He'll make his true mark here in this series. I can say I love jump shot though! Great mechanics and I can tell he has a lot of ability and smarts we haven't seen yet.


----------



## ozzzymandius

Simple game, with simple principles being executed!!! 
Well done fellas !!


----------



## Porn Player

Jonas was great on the court and I really liked his post game comments too. 

Cory Joseph showing he knows Playoff basketball and helping this team execute down the stretch, that was invaluable. 

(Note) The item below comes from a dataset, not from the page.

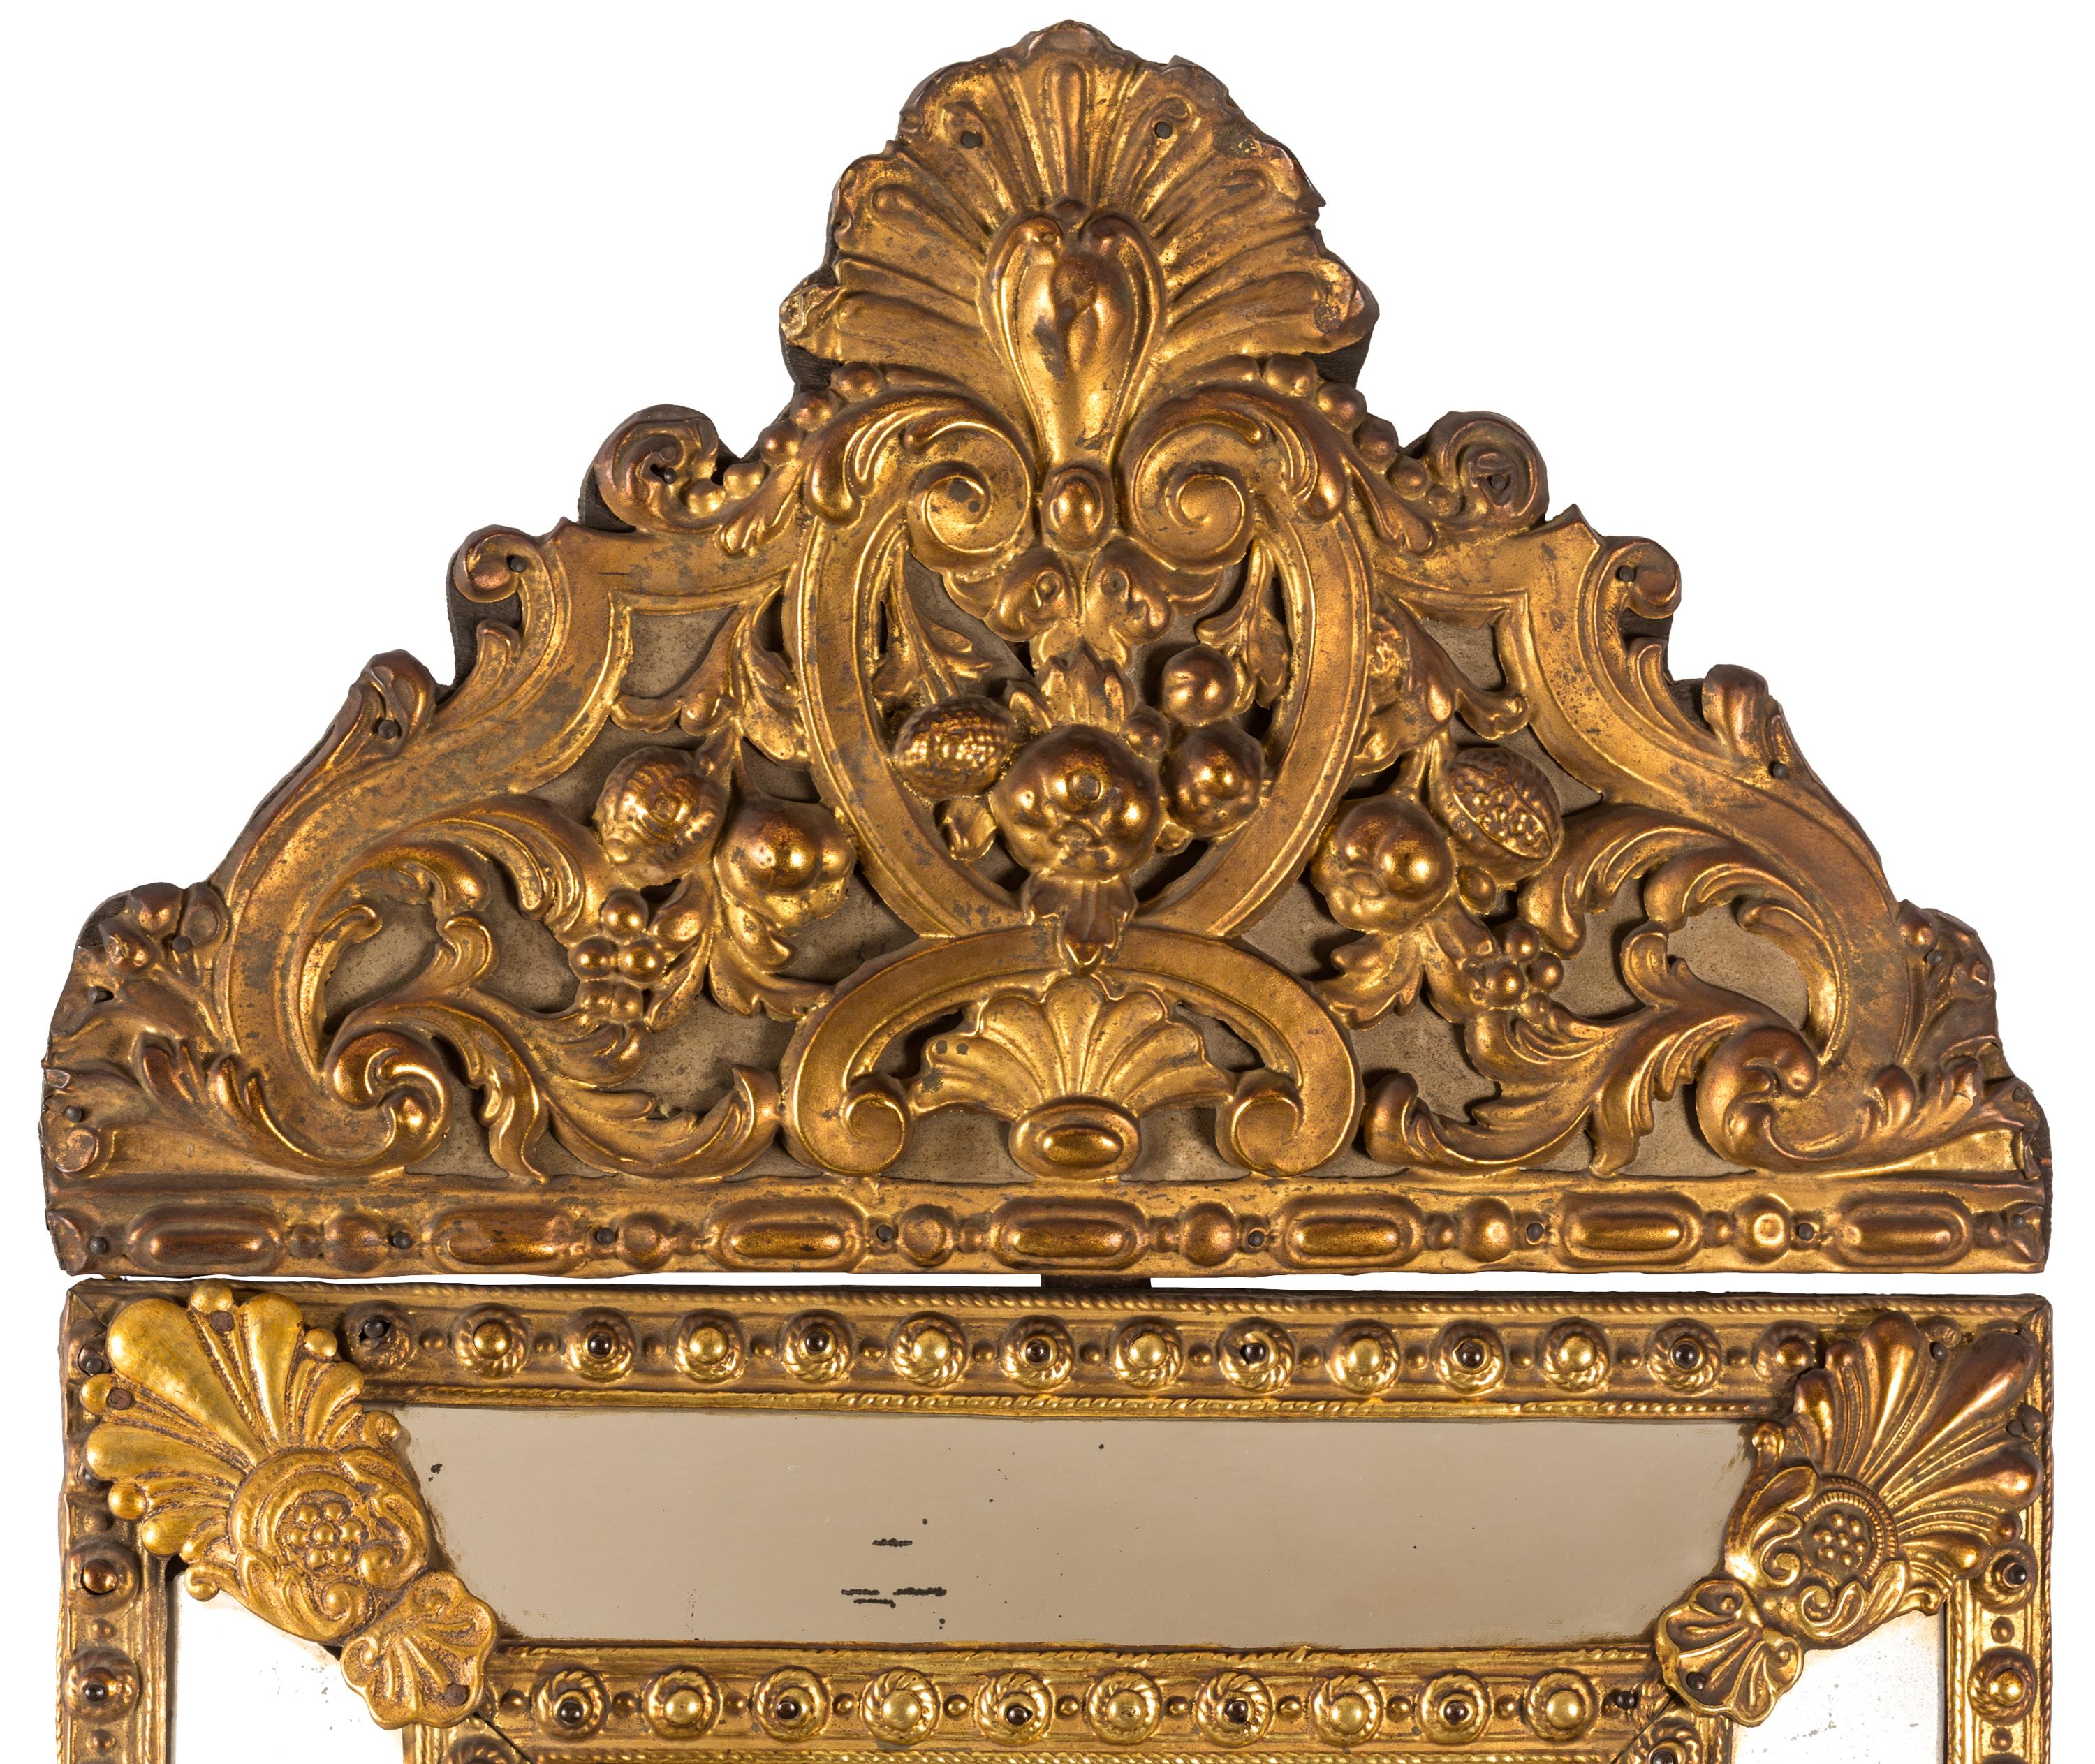 A 19th century Dutch Baroque style mirror with beveled central glass and gold colored metal frame with embossed, sculptural decoration. The raised designs were handcrafted using a technique known as “Repoussé” in which the metal (in this case either
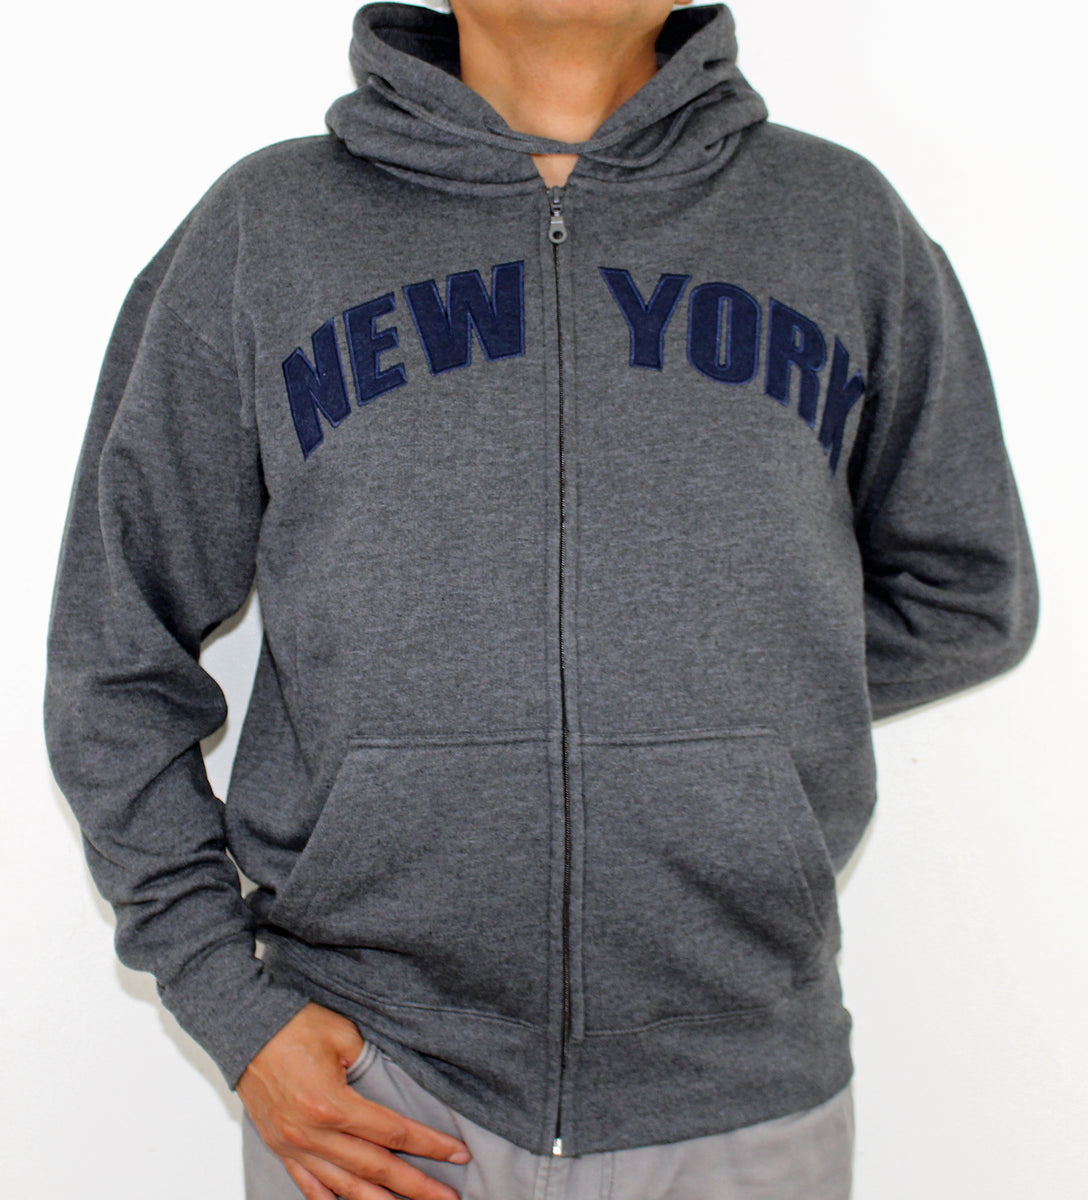 Adult Zipper Hoodies Embroidered with

Demar continues to struggle.

This win is exactly what was needed and we should go on to take this series, because outside of PG, this Indiana team doesn't have a whole lot of great basketball players.


----------



## Porn Player

Wears 17 and is averaging 17 & 17. Not a bad start to the Playoffs for our young big man.


----------



## ozzzymandius

Finally Casey and the team finally learning to run plays for JV and use him more effectively in the post. We've been saying they needed to do that for years and it's about flipping time !!!


----------



## Porn Player

DeMarre stepping up into the role we brought him in for, great game from him. 

Last night was the most complete Raptor performance that I've seen the Playoffs over the past 3 seasons. 

Lowry, DeMar and JV all doing exactly what was required. Joseph and Carroll stepping up as the additional intensity, defense and offensive firepower we clearly missed these past few years. 

I can't see us relinquishing this lead now.


----------



## Drizzy

The Raptors from Games 2 and 3 have been worlds apart from the team we saw in game 1. That was extremely refreshing to watch, as there were quite a few spots where they could have given up the lead.


Game 4 will be huge as always, I expect PG to be extremely aggressive after losing his cool tonight.


----------



## Porn Player

I have a Stag party to attend on Saturday. Awful timing!


----------



## AllRim




----------



## seifer0406

This Pacers team just don't have much talent. I would be surprised if we lose another game this series. As long as Carroll is healthy he can keep George in check and the rest of the Pacers roster is more or less garbage with the exception of Turner.


----------



## Porn Player

> Paul George had pointed words for (presumably) his frontcourt, saying the following: “We’re treating this like it’s a regular-season game. We’re failing to be the physical team. There’s one guy who’s doing it and doing it at an amazing job, and that’s Valanciunas. We need to match his physicality, and we’re not doing that.”


Love this. Big Val showing up.


----------



## RollWithEm

This is definitely Val's big national coming out party. I don't want to get ahead of myself, but I can't wait to see him up against Whiteside in the next round.


----------



## AllRim

JV is benefiting from a weak interior on the Pacers. I really hope, but doubt he will continue this against someone like Whiteside. 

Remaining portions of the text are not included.